• Exercise details
With pictures excluded, give again exactly the lines running from the one holding "#bookpost @clare_potter new" through the end of the listing below.

• Supplied data
=-=-=

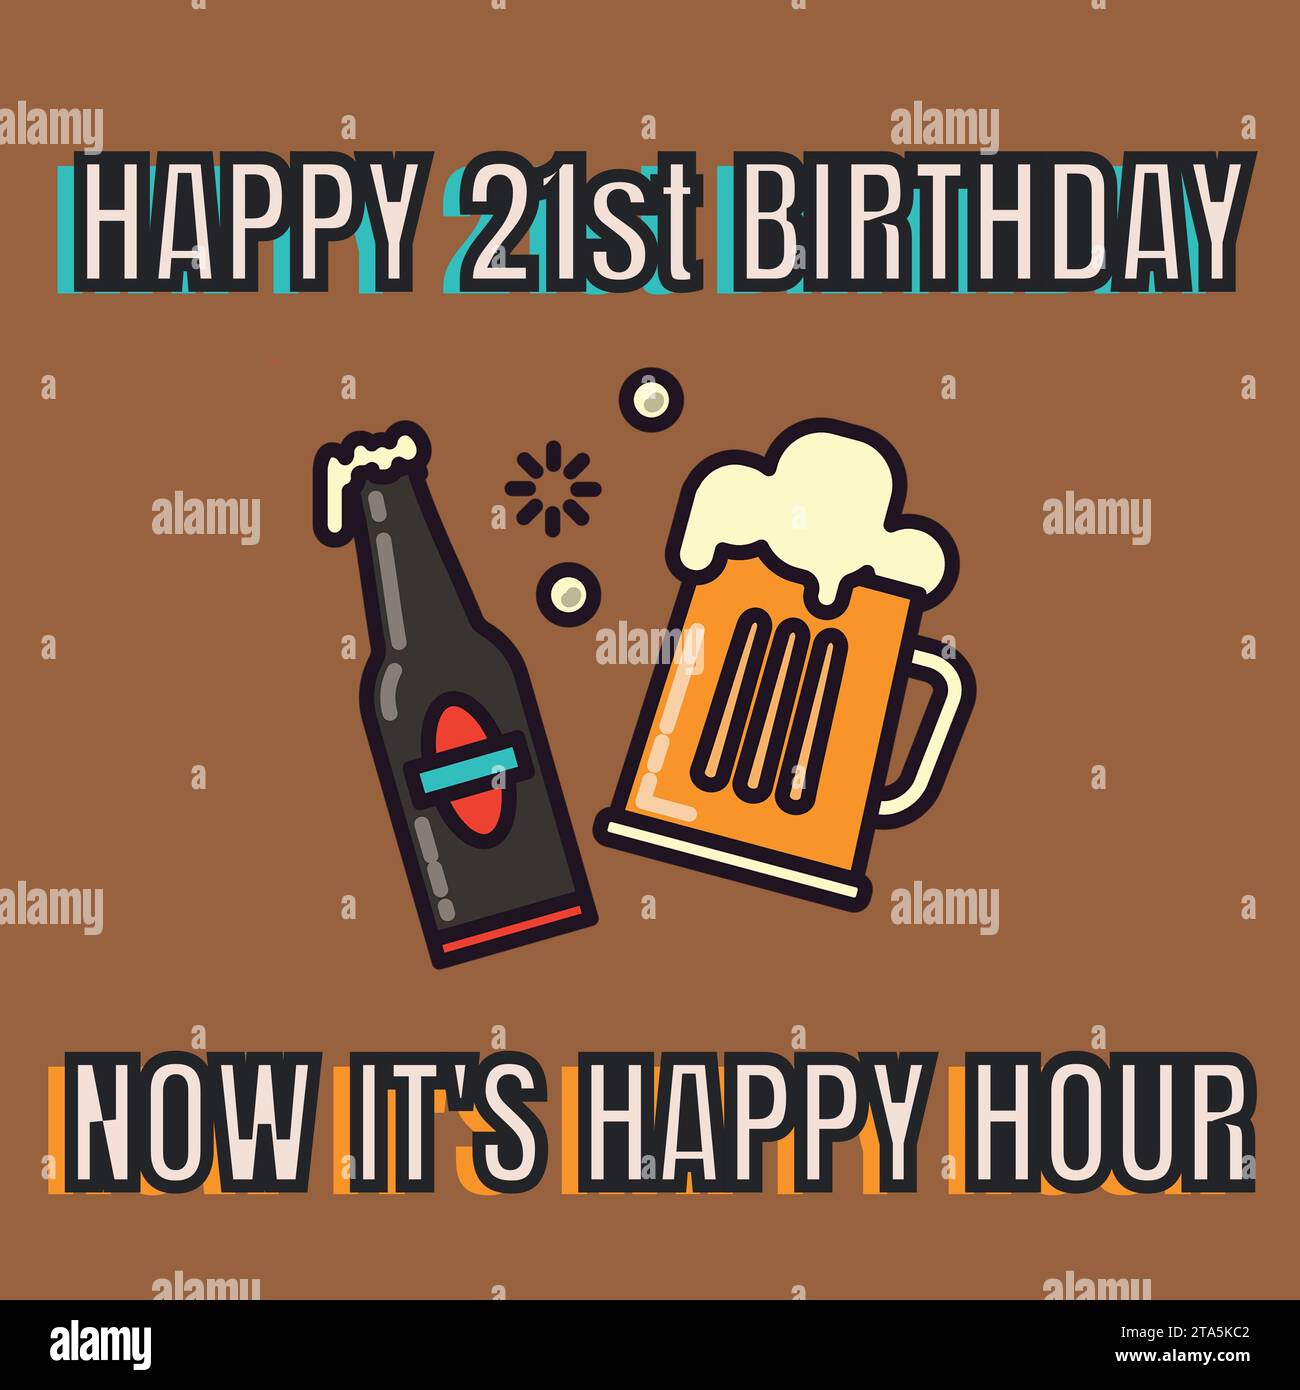 Composite of happy 21st birthday text over beer glass and bottle on brown background Stock Photo
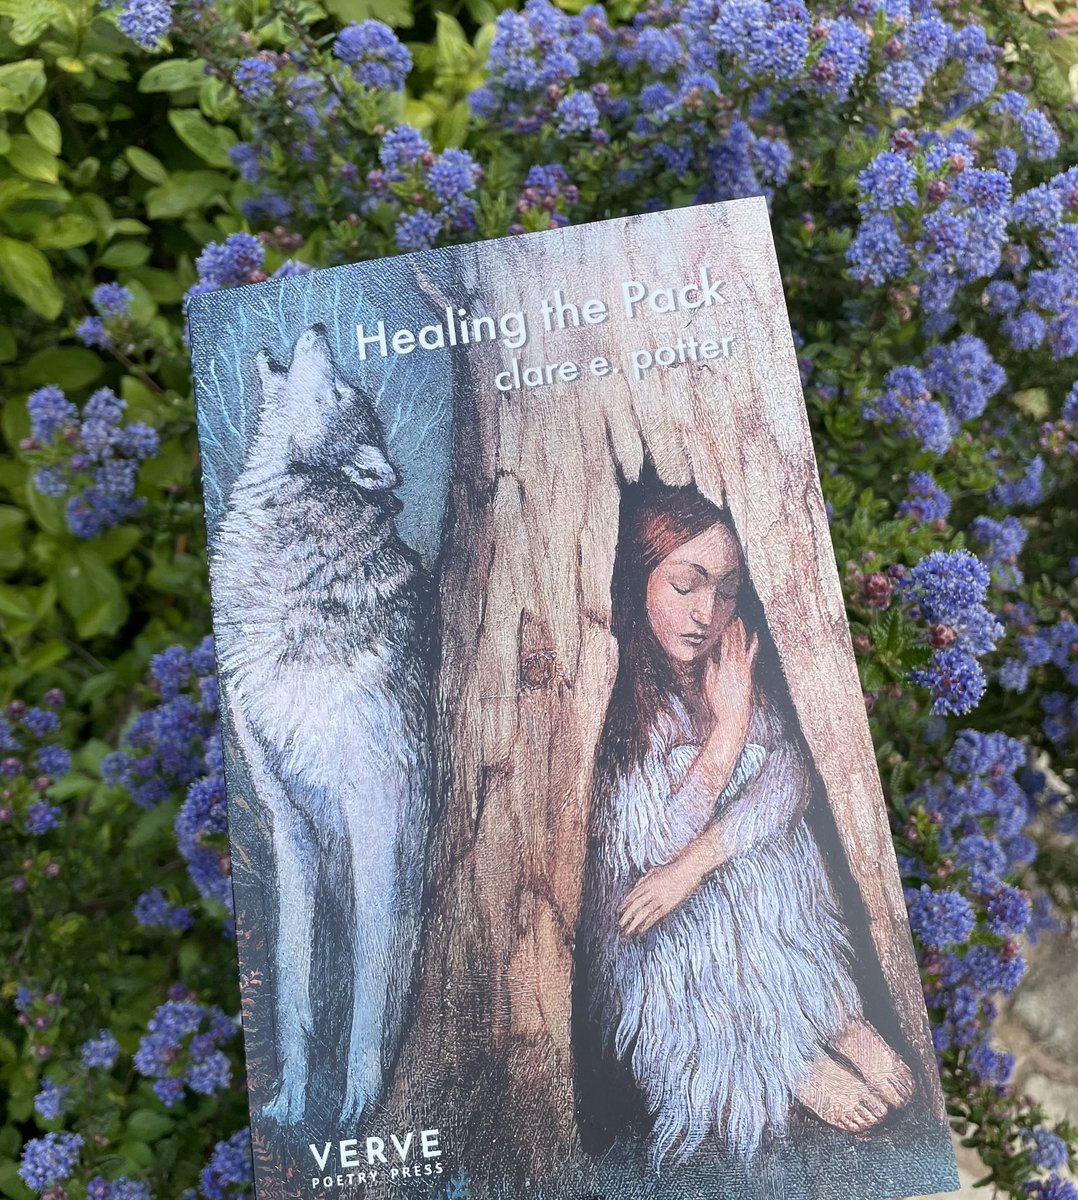 #bookpost @clare_potter new poetry collection, Healing the Pack. What a gorgeous cover ❤️ @VervePoetryPres
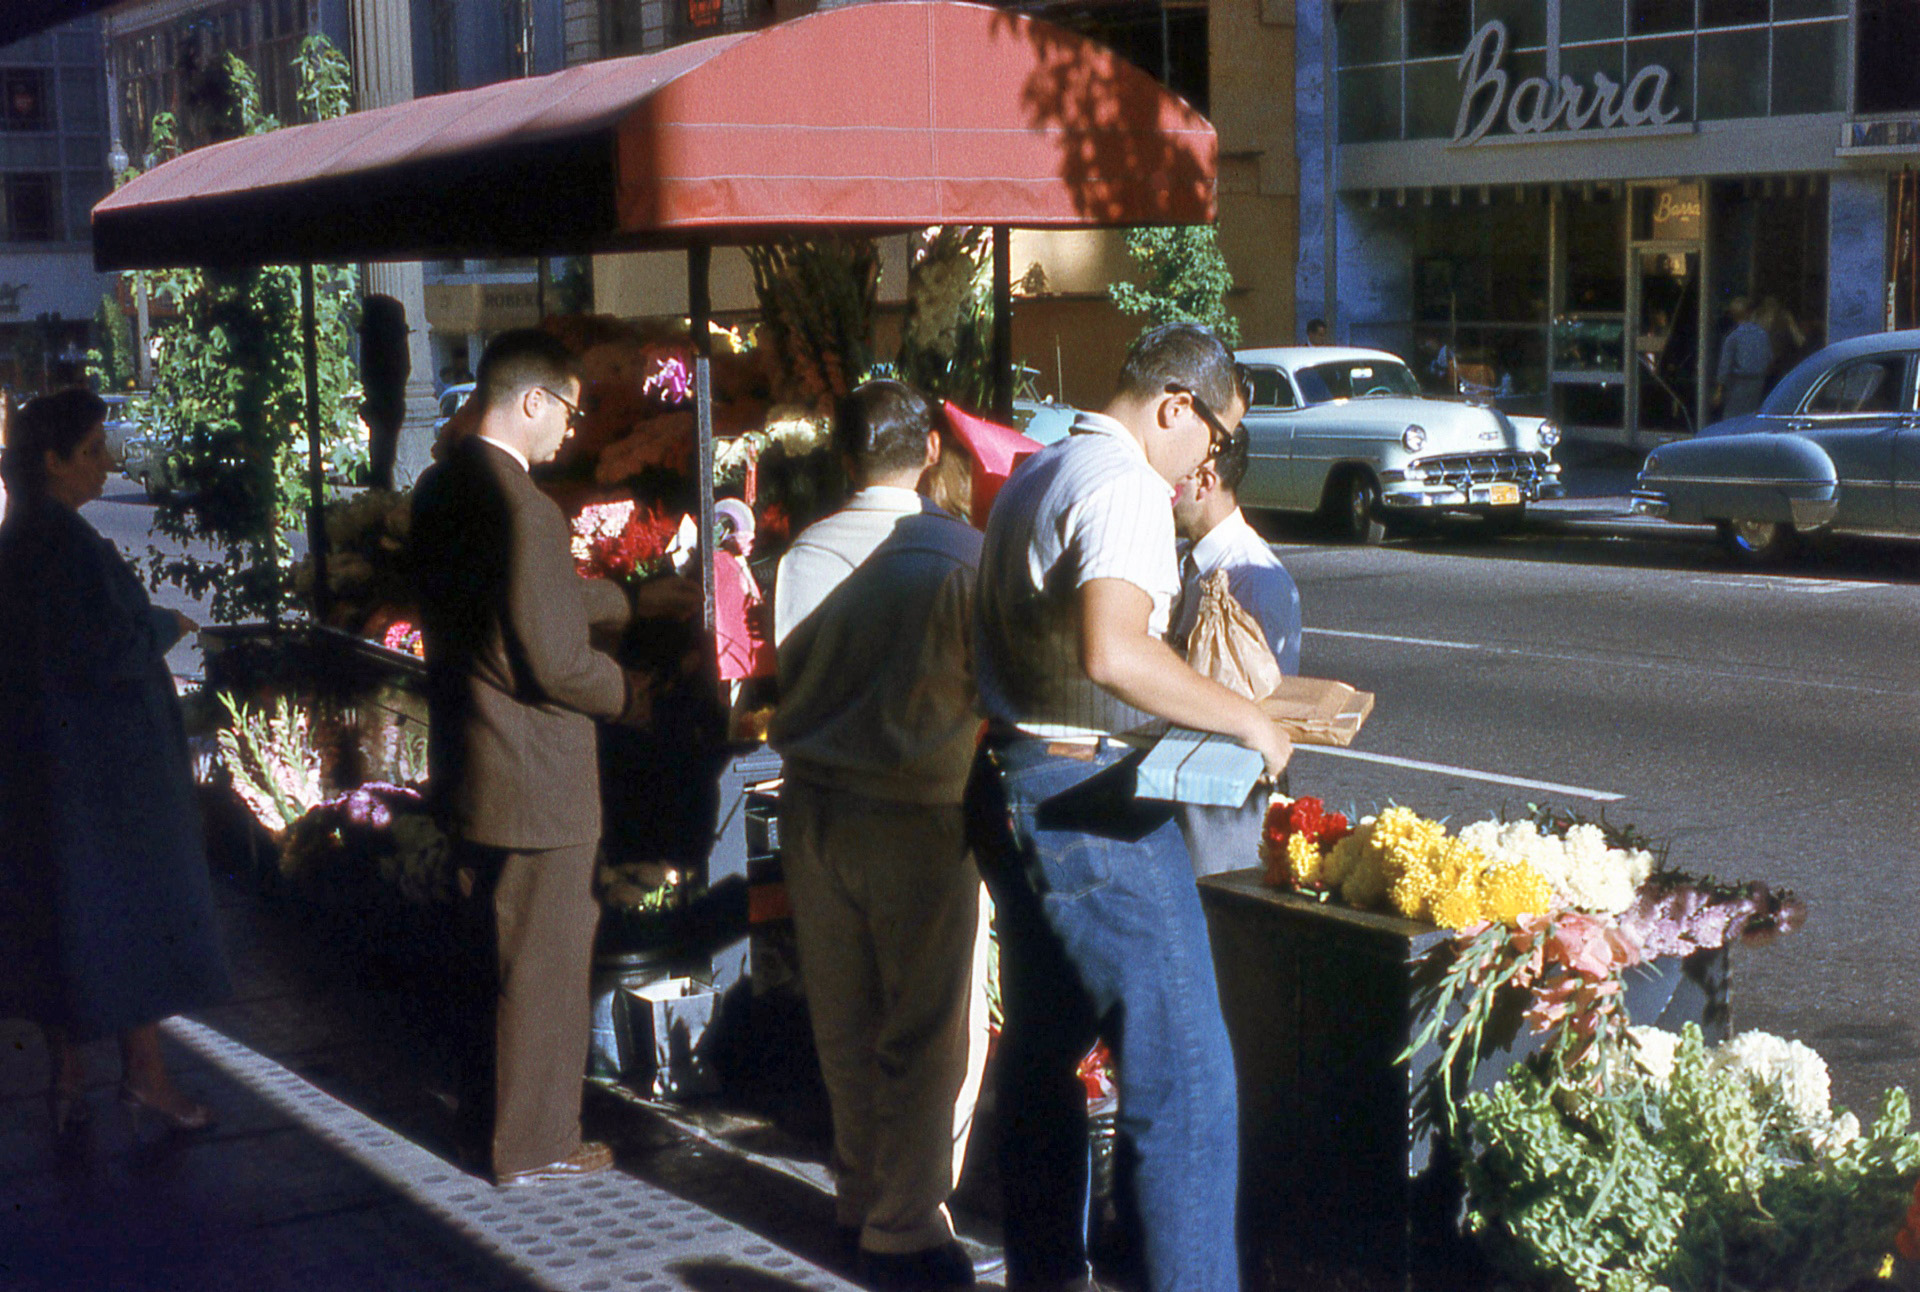 Another slide from San Francisco, where I grew up. This photo was taken on Sutter Street circa 1958. Shot on Anscochrome film, with surprisingly vivid colors!  They brought Flower Power to San Francisco well before the hippies arrived! View full size.
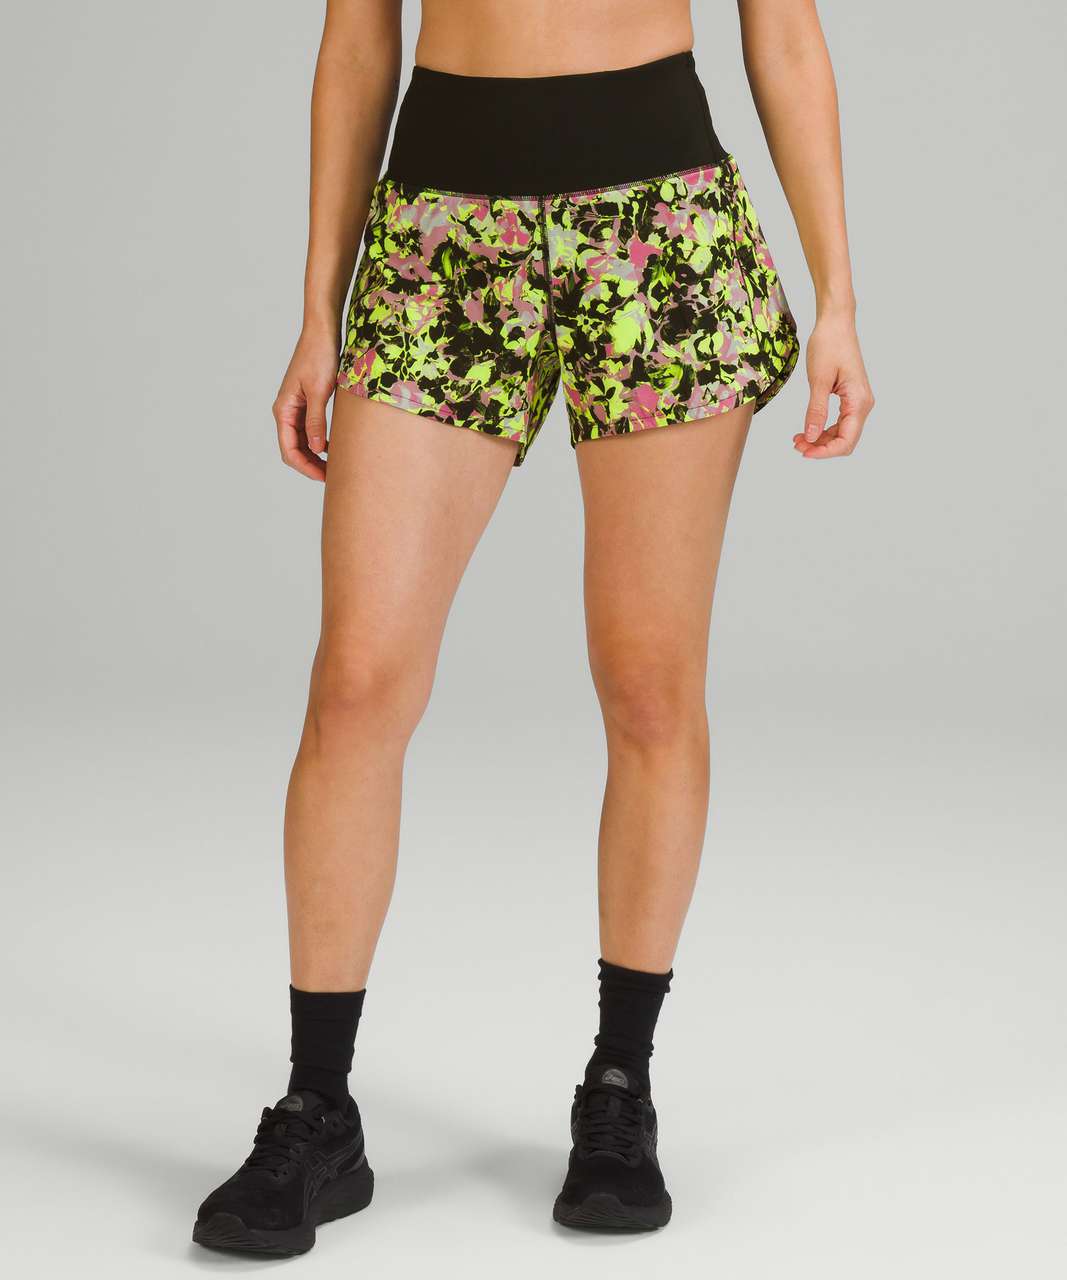 Lululemon Speed Up High-Rise Lined Short 4" - Inflected Highlight Yellow Multi / Black

=-=-=

• Solution to this task
 #bookpost @clare_potter new poetry collection, Healing the Pack. What a gorgeous cover ❤️ @VervePoetryPres
 Another slide from San Francisco, where I grew up. This photo was taken on Sutter Street circa 1958. Shot on Anscochrome film, with surprisingly vivid colors!  They brought Flower Power to San Francisco well before the hippies arrived! View full size.
 Lululemon Speed Up High-Rise Lined Short 4" - Inflected Highlight Yellow Multi / Black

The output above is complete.